Quienes tienen la encomienda formal de detener a los delincuentes, no lo hacen porque no se atreven, no saben cómo, no les importa o porque ellos mismos son los agresores.

Los amigos de la joven salen a la calle, para bramar la iniquidad cometida. Su clamor llega a oídos internacionales y muchos más alrededor del mundo protestan también.

SEGUNDO ACTO: Las manifestaciones desquician el tránsito citadino, afectan el comercio y la vida del lugar, afean el paisaje, generan el repudio de una parte de la población y, sobre todo, hacen quedar mal a los gobernantes, que no pueden presentar al país como atractivo a los inversionistas extranjeros.

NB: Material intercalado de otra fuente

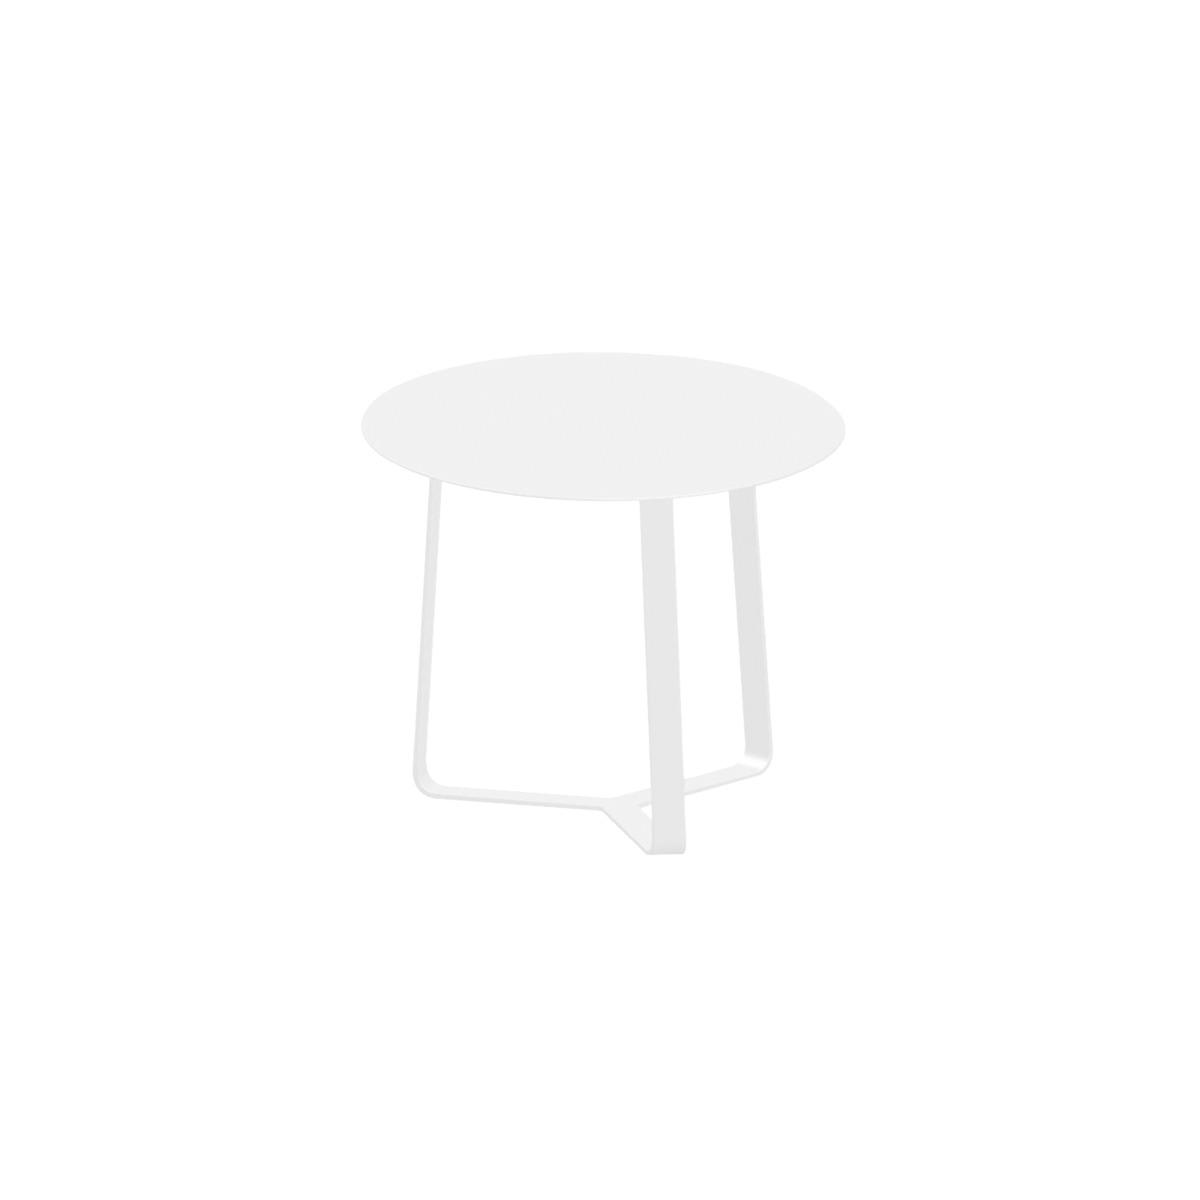 Apollo Aluminium Side Table in White

Los agresores emplean mil estratagemas para mostrar la impertinencia del enorme movimiento popular, reducido mediáticamente a “ridícula minoría”; pagan millones a los medios para desacreditar a los “sediciosos, inconscientes e irresponsables”. Los defensores de la agredida exigen que su versión también se difunda ampliamente en los medios, pero los breves minutos que consiguen no contrarrestan el aluvión discursivo de la versión dominante.

Los agresores y sus sirvientes se ocultan; maquillan a la muchacha y difunden melosos y delicados discursos en repetidos spots: Que “la chica merece los mejores cuidados”; que “quienes protestan son en realidad sus agresores”; que “es necesario traer médicos privados extranjeros, altamente calificados, con tecnología mucho más moderna y efectiva”; que “si no se toman decisiones rápidas, la joven rota morirá”.

Los agresores y sus voceros advierten que no dialogarán con quienes protestan, si no muestran buenos modales; que “no habrá marcha atrás” pues la aprehensión de la chica fue “conforme a derecho” (un derecho recién reformado según sus intereses). Si alguien pregunta a los sicarios, ignorantes, ¿de dónde les vino ese derecho?, o ¿por qué la joven está mejor apresada que libre?, no saben qué responder y repiten explicaciones huecas, aprendidas de memoria.

El presidente (comprado por los agresores) justifica el rapto, en un mensaje a la nación de siete minutos, por el que pagó a los medios 8 millones de pesos. Ese dinero salió del gaje que entregaron los amigos de la chica a los secuestradores, por el rescate frustrado.

¿CÓMO SE LLAMÓ LA OBRA?

Esa mujer violentada no es sólo de Ciudad Juárez, ni del Edomex, ni del bar Heaven, ni un daño colateral de la guerra contra el narco… Es todas ellas y más.

¡Esa joven es nuestra Madre Patria, nuestra Historia; nuestra Constitución Política, nuestra educación pública, la Naturaleza; nuestra industria energética, minería, agricultura, nuestra comunidad, nuestra ciudad, nuestra autoconciencia, soberanía, capacidad creativa y productiva, nuestra disposición solidaria, nuestra esperanza, nuestra alma!

Todas estas palabras femeninas (o de las nuevas masculinidades) luchan por sobrevivir en este régimen patriarcal machista, voraz, grosero, insensible y violento (que no varonil).

Este es El Grito Popular, que se oyó con toda su fuerza, alrededor del 15 de septiembre.